What is Trauma? Trauma are situations that occur in a horrific way that is way too painful and overwhelming for someone to cope with. “Several examples of trauma involve experiencing an earthquake or hurricane, physical or sexual assault, and various forms of abuse experienced during childhood. The types of trauma that tend to have the greatest adverse psychological consequences are those related to interpersonal or intentional trauma. These include childhood abuse and neglect (What is Child Trauma?, 2018).”

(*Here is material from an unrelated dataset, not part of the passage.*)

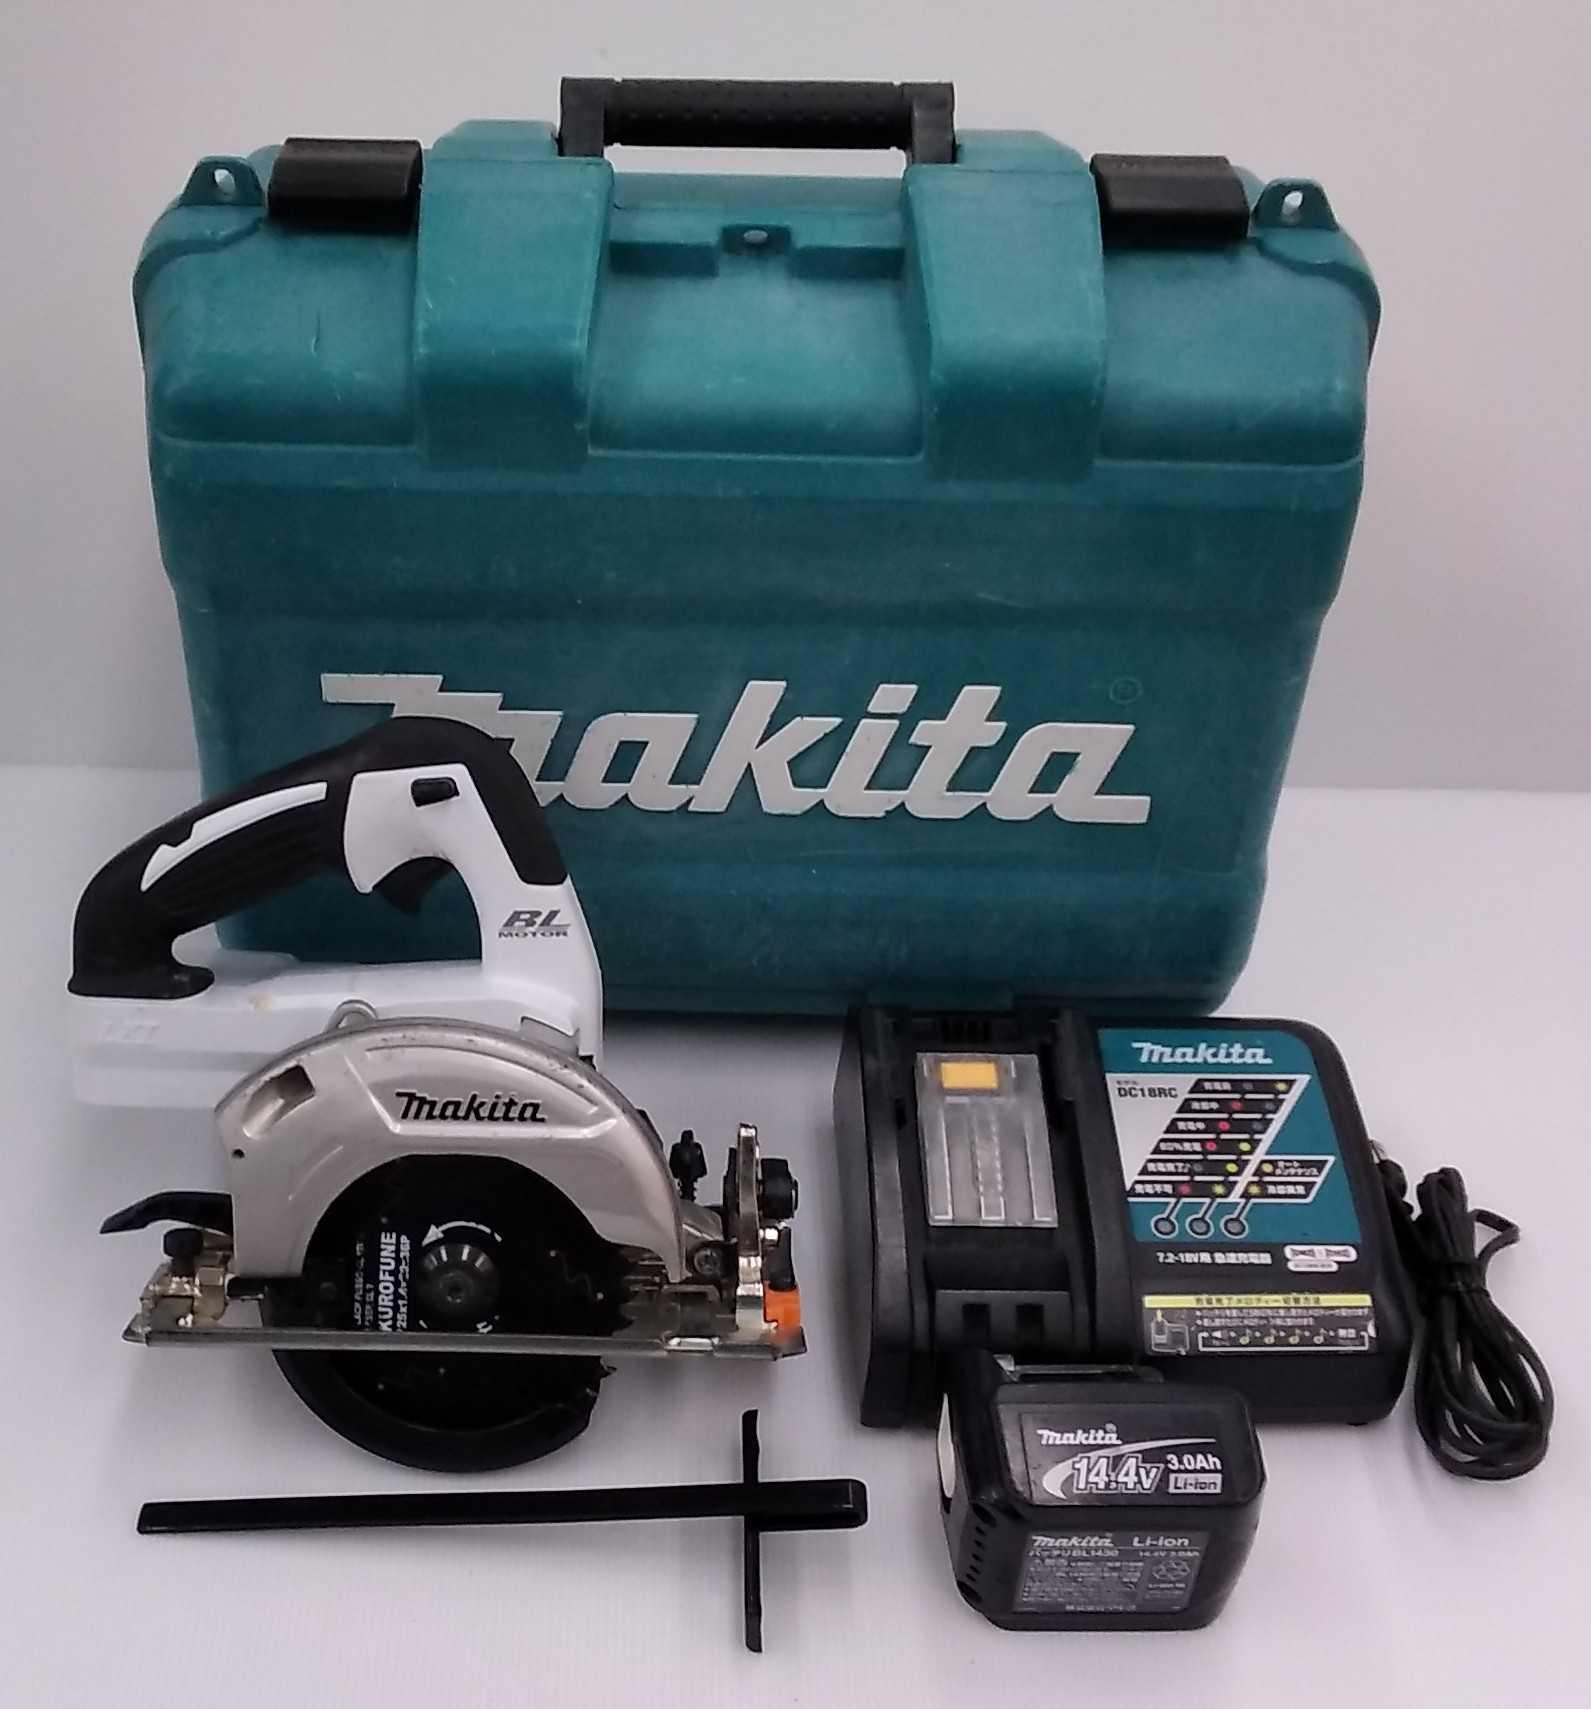 125MM 充電式マルノコ|MAKITA

The Adverse Childhood Experiences or ACEs is a research that finds out the correlation between childhood trauma experience and an ongoing health and social problems. About 65% of children experience at least one traumatic event during their childhood and approximately 40% of children experience at least two or more traumatic events (What is Trauma?, 2018). This study has discovered that the higher the number of ACEs a child has been exposed to, the higher he or she is at risk for emerging physical and mental health problems throughout their lifespan. Heart and lung disease, alcoholism, high risk for domestic violence, drug addiction, poor academic or work performance, sadness, and or suicide ideations are several examples of physical health problems.
ACEs include many traumatic experiences that is wider in nature. The original ACEs study consist of ten adverse childhood experiences that includes physical abuse, emotional abuse, sexual abuse, physical neglect, emotional neglect, mother treated violently, household substance abuse, household mental illness, parental separation or divorce, and incarcerated household member. Other traumatic experiences a child can encounter are, serious accidents or life-threatening experiences, military family related stressors, sudden or violent loss of a loved one, community or school violence (What is Trauma?, 2018).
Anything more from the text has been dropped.